Cet article explique des principes généraux et est fourni à titre informatif uniquement. Il ne constitue pas un conseil juridique ou fiscal. Les résultats personnels dépendent de la résidence, du type de revenus, des liens transfrontaliers, des documents et du calendrier.

Deux entrepreneurs gagnent la même somme. Cinq ans plus tard, l’un est libre, l’autre est toujours « dans son business ».

Tous deux travaillent beaucoup, prennent des décisions solides et croissent plus vite que le marché. Sur le papier, ils sont au même niveau.
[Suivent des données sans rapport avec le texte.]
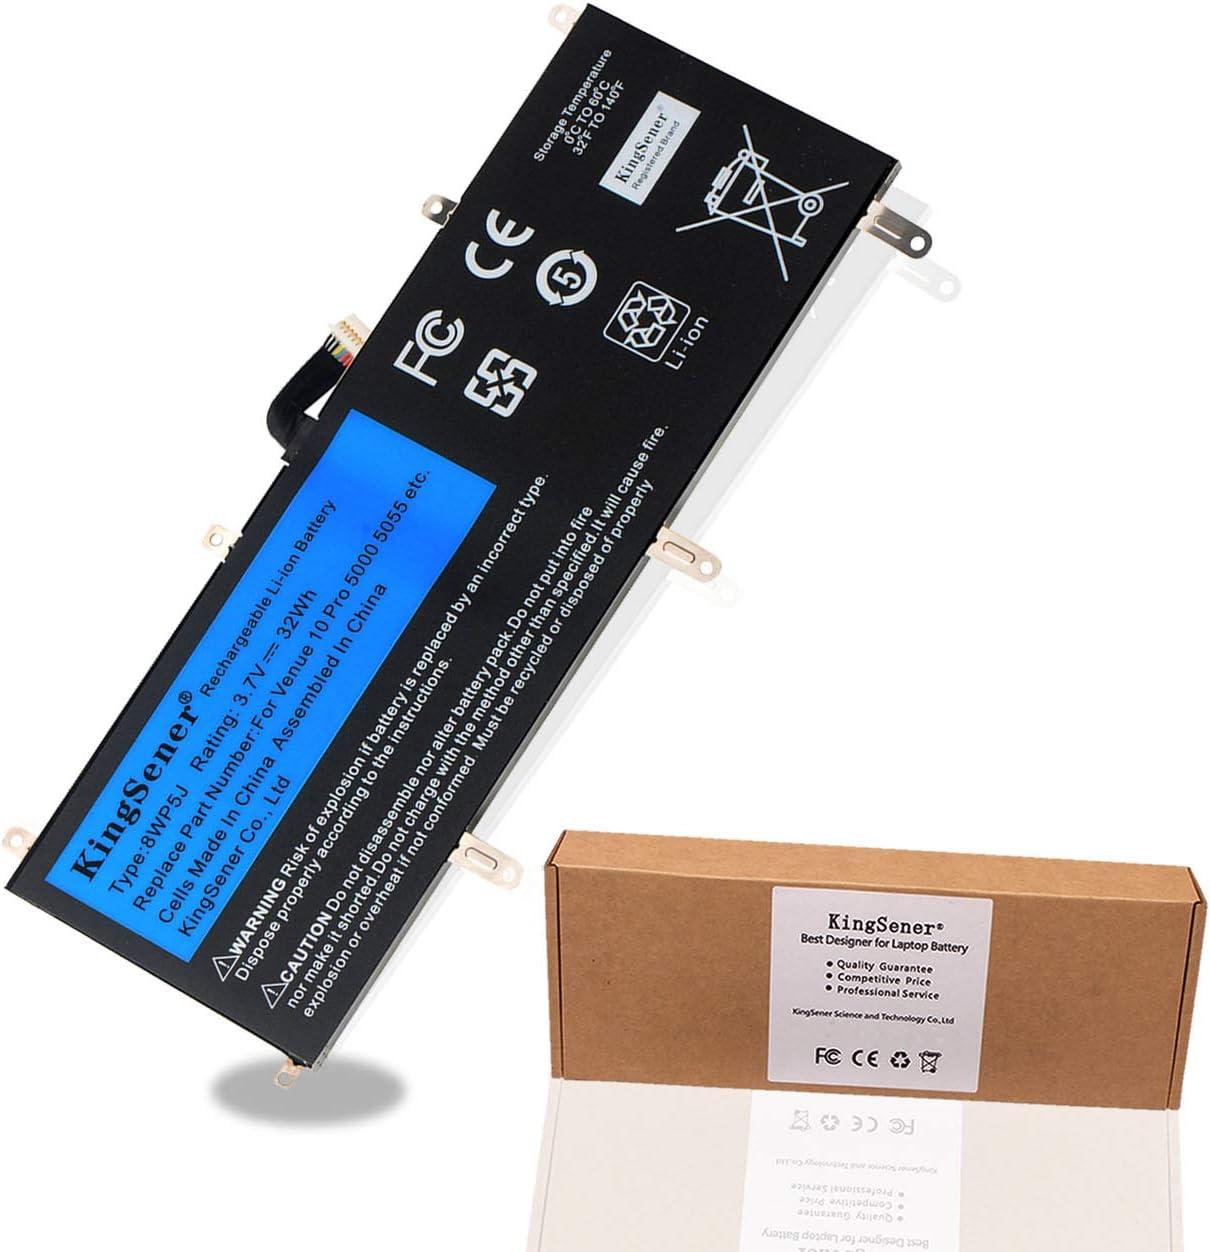 KingSener New 8WP5J Laptop Battery for Dell Venue 10 Pro 5000,Dell Venue 10 Pro 5055, 8WP5J 69Y4H JKHC1 08WP5J 069Y4H 0JKHC1

Cinq ans plus tard, l’un gère un système composé de plusieurs actifs et peut se retirer de l’opérationnel. L’autre dépend toujours d’une seule entreprise et de son propre temps. Leurs profits étaient identiques. L’architecture ne l’était pas.

La différence ne commence pas avec l’argent. Elle commence avec la manière dont l’entrepreneur considère le profit : comme un revenu personnel ou comme un matériau de construction du capital.


La logique classique : « Combien ai-je gagné et combien puis-je retirer ? »

Supposons que l’entreprise ait généré 150 000 € de bénéfice net.

Le fondateur retire presque tout — environ 130 000 €. Je les ai gagnés.

Après impôts personnels, il lui reste environ 90 000–95 000 €.

Environ 60 000 € servent à la vie réelle — logement, famille, assurances, dépenses courantes.

Les 30 000–35 000 € restants restent sur un compte personnel ou sont partiellement investis après imposition.

Seuls 20 000 € demeurent dans l’entreprise en réserve.

Tout semble rationnel et maîtrisé.

Mais dans ce modèle, l’entreprise et le propriétaire restent confondus. Pour investir dans un nouveau projet, il faut retirer de l’argent du business actuel. Pour acquérir un actif, il faut d’abord distribuer des dividendes. Chaque nouvelle étape réduit les ressources de l’entreprise existante.

Le capital vit à l’intérieur d’une seule structure opérationnelle et en dépend totalement. Si l’activité ralentit, le capital ralentit. Si l’entrepreneur s’épuise, le système ralentit avec lui.


La logique alternative : « Combien de capital reste dans le système ? »

Les mêmes 150 000 € de bénéfice — un autre regard.

L’entrepreneur ne retire que le nécessaire — environ 85 000 € — pour obtenir 60 000 € nets pour sa vie personnelle après impôts.

Les 65 000 € restants ne passent pas par le niveau personnel et ne sont pas soumis à l’impôt sur le revenu. Ils s’accumulent dans la structure via une holding.

L’argent ne se dissout pas et ne devient pas « du surplus sur un compte ».

Il devient le carburant de l’étape suivante.

Grâce à une structure holding, le capital peut :

  • financer le lancement d’une seconde activité

  • créer une société distincte pour l’immobilier

  • investir dans une autre entreprise

  • accorder un prêt intra-groupe

  • s’accumuler en vue d’une acquisition stratégique.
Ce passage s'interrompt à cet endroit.